Coordinate error for 556 structures from the paper by Kirchmair et al. [4]

Figure 3 illustrates a number of other interesting points. While the expectation that greater coordinate precision will arise from structures with better nominal resolution is generally borne out by the data, there are many exceptions. Table 2 shows some examples of structures where the nominal resolution gives an unexpected estimation of coordinate precision. In the top half of the table are structures with good nominal resolution but unexpectedly high DPI, while the lower half of the table shows some structures with low nominal resolution and either unexpectedly low or unexpectedly high DPIs. Accordingly, simply using nominal resolution as a metric of quality for structures to be used in a pose prediction or conformer generation study is insufficient to guarantee that structures of appropriate quality will be used.

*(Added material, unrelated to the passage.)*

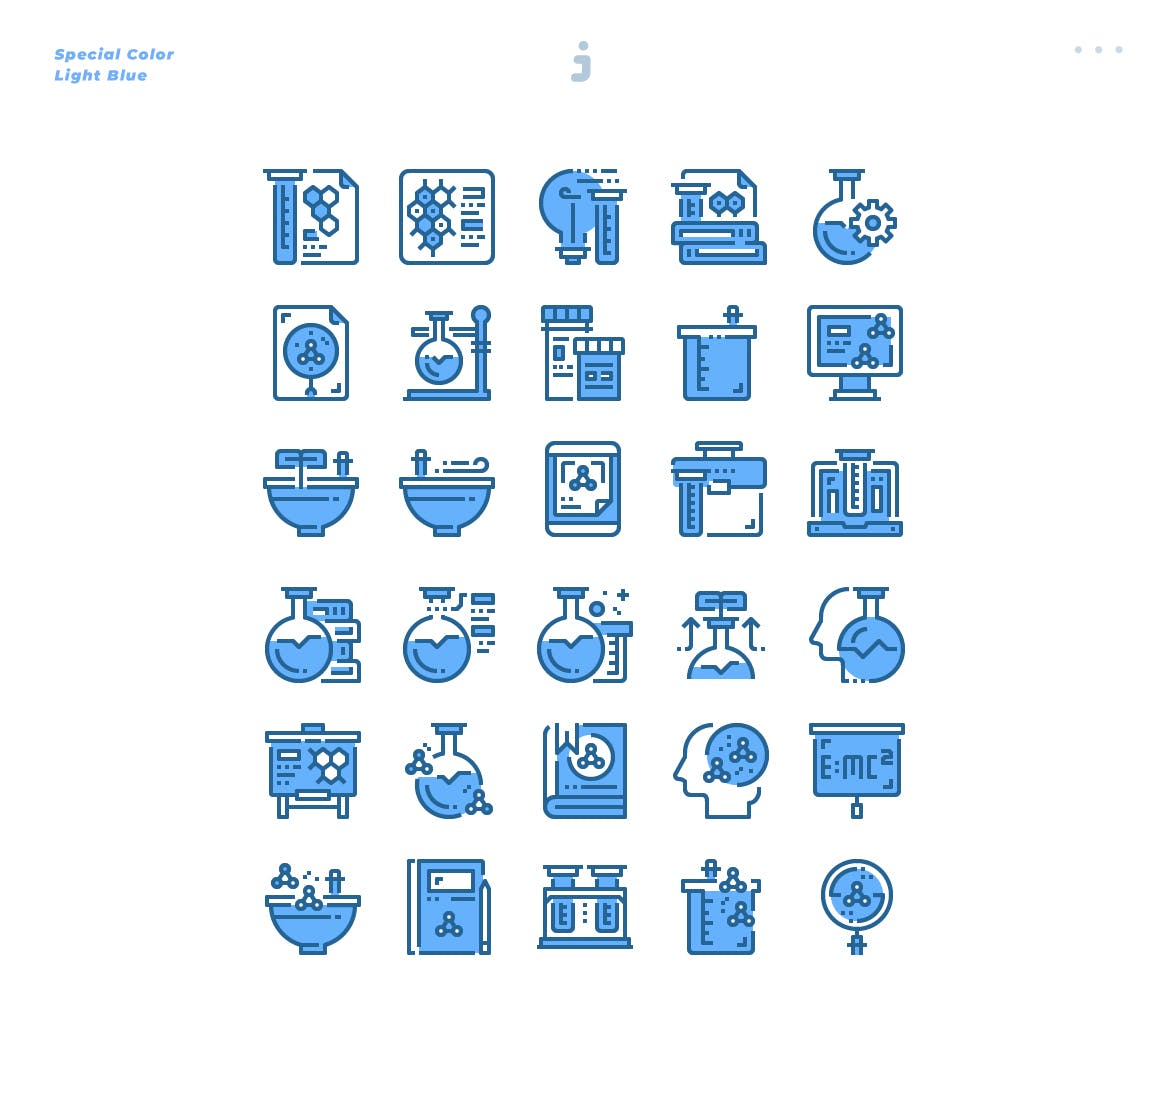 30个科学实验数据创意概念化图标源文件下载30 Science Icons Light Blue插图2

Table 2 Resolution and DPI for selected structures from the Kirchmair dataset

With the DPI for a structure in hand one can set a lower limit on the precision with which a computed conformation can reproduce an experimental one—the RMSD between the two conformations cannot be less than the DPI for the experimental structure. It can be seen that over half (55.6%) of the structures in this set has DPIs > 0.5 Å, while Kirchmair et al. report pose reproduction statistics both at <0.1 Å and at <0.5 Å RMSD. Since in over half of the structures in this dataset the DPI is >0.5 Å, Kirchmair et al. report pose reproductions at <0.5 Å RMSD that are more precise than the accuracy of the source data allows. This analysis is made on the conservative assumption that the error in the atomic positions in the computed pose is zero. In the Goto et al. paper [18] the assumption is made that the errors in the computed pose are the same as for the experimental pose. In this analysis a computed and experimental pose must be different by an RMSD of √2 × DPI for the difference to be significant, which would mean that an even higher proportion of the poses in the Kirchmair set have been reproduced with a greater precision than the experimental accuracy.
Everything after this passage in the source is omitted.